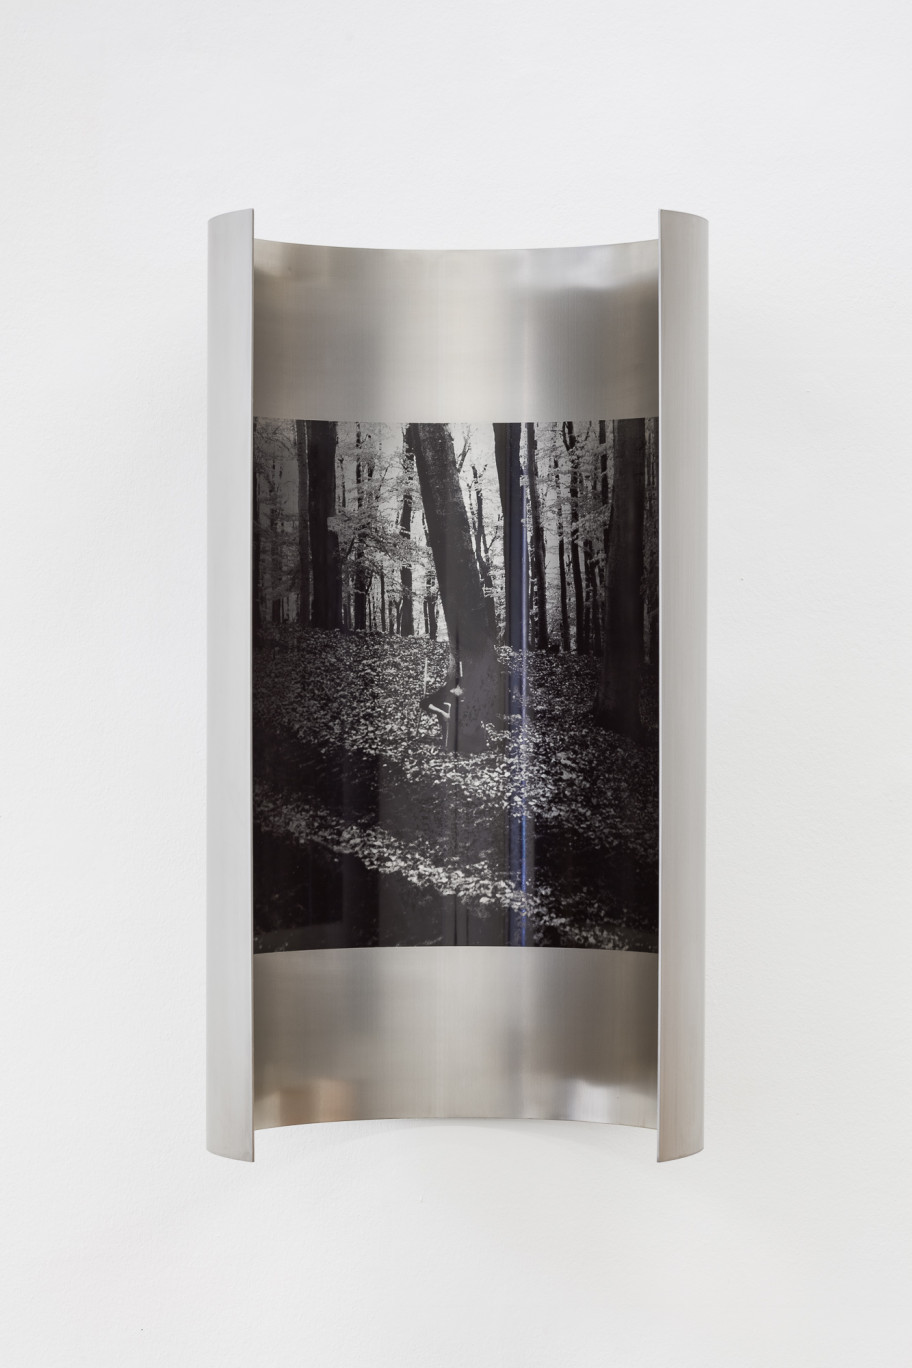  Yu  Ji Refined Still Life No. 9, 2021Edition of 4 stainless steel, silkscreen print 100 x 55 x 43 cm 
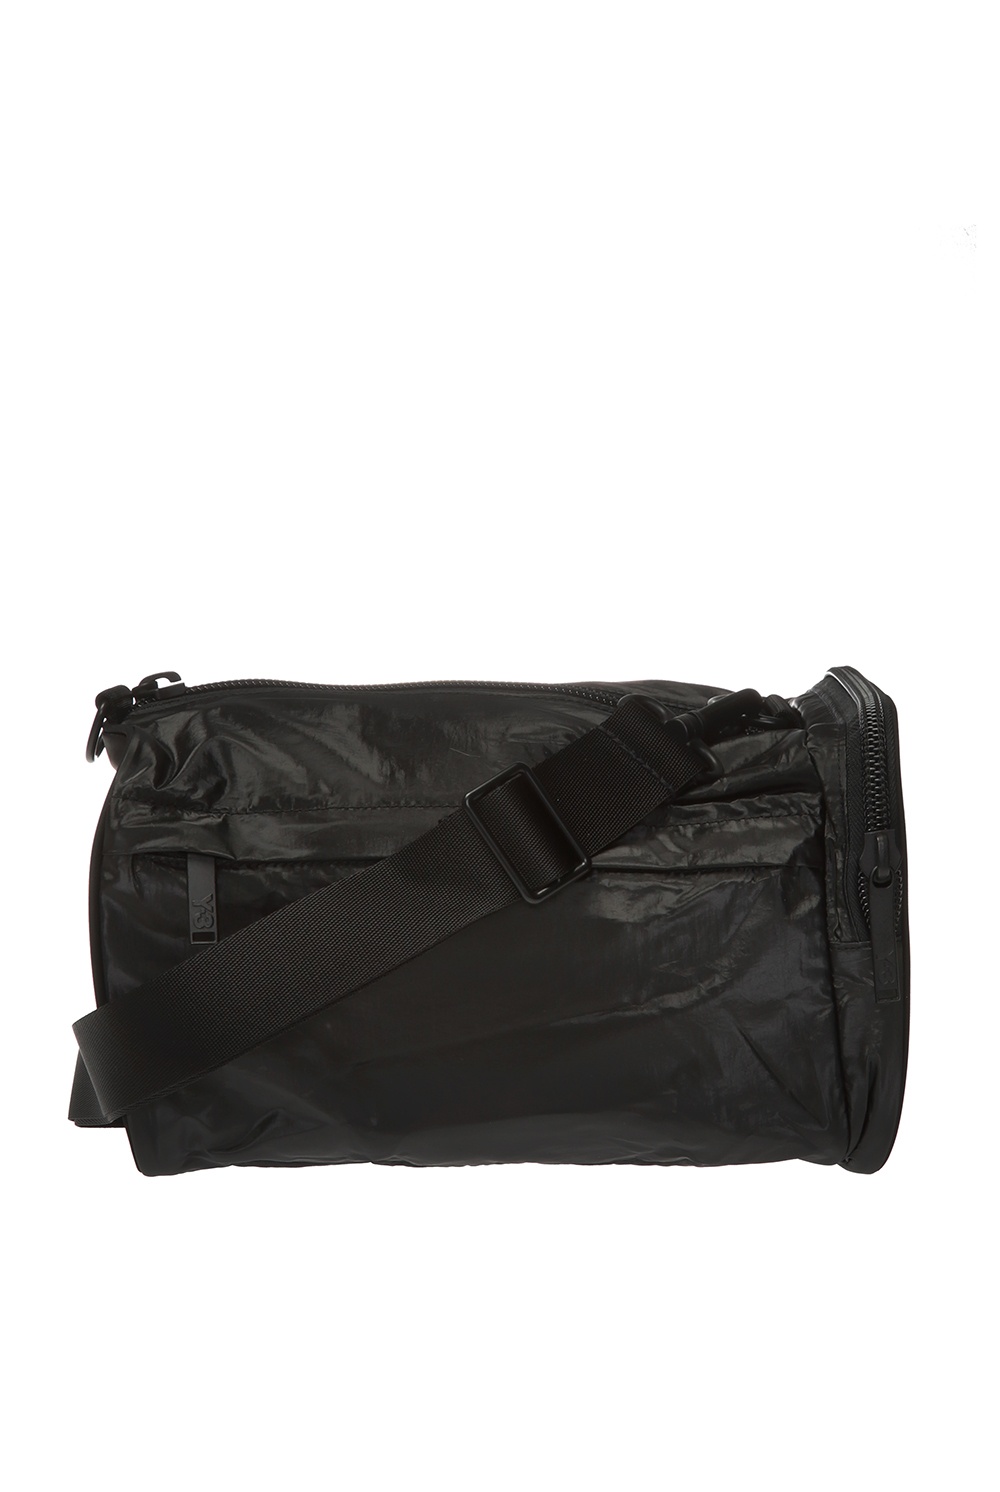 Mini Gymbag' shoulder bag Y-3 Yohji Yamamoto - Vitkac Singapore
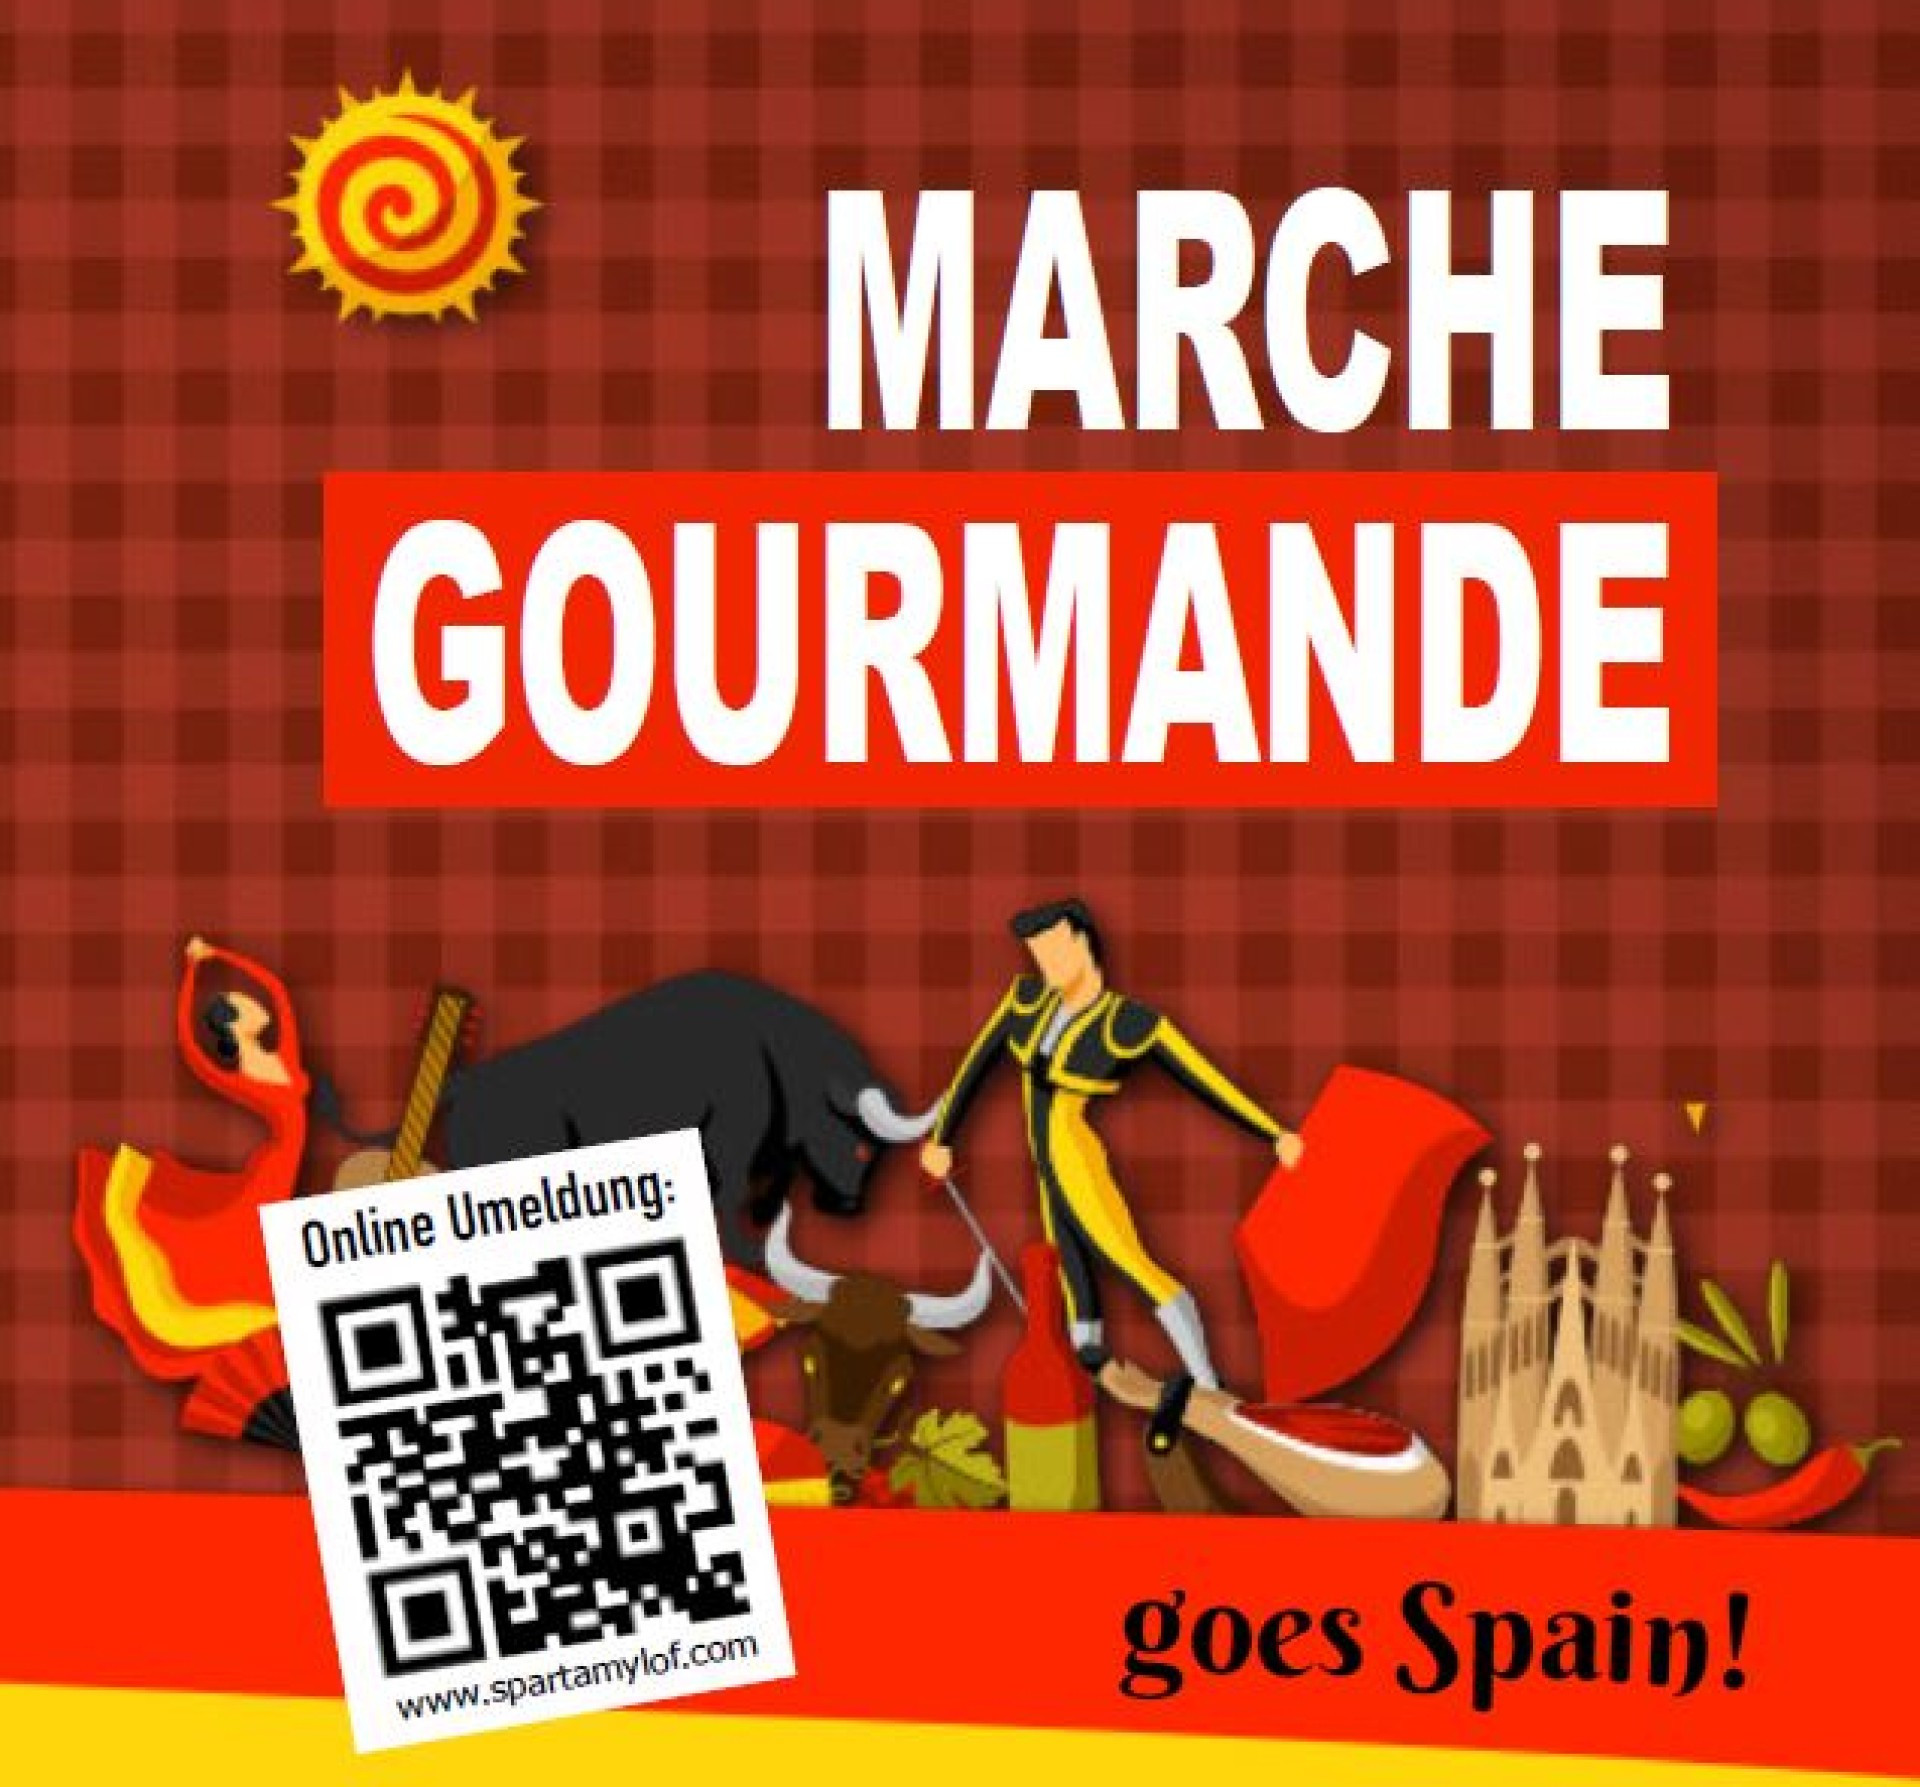 Marche gourmande: goes Spain!

*EXERCISE DETAILS:* Each line from the one with "Mini Gymbag' shoulder" to the end of the material needs to be output word for word, with no picture included.

*TASK ANSWER:*
 Mini Gymbag' shoulder bag Y-3 Yohji Yamamoto - Vitkac Singapore
 Marche gourmande: goes Spain!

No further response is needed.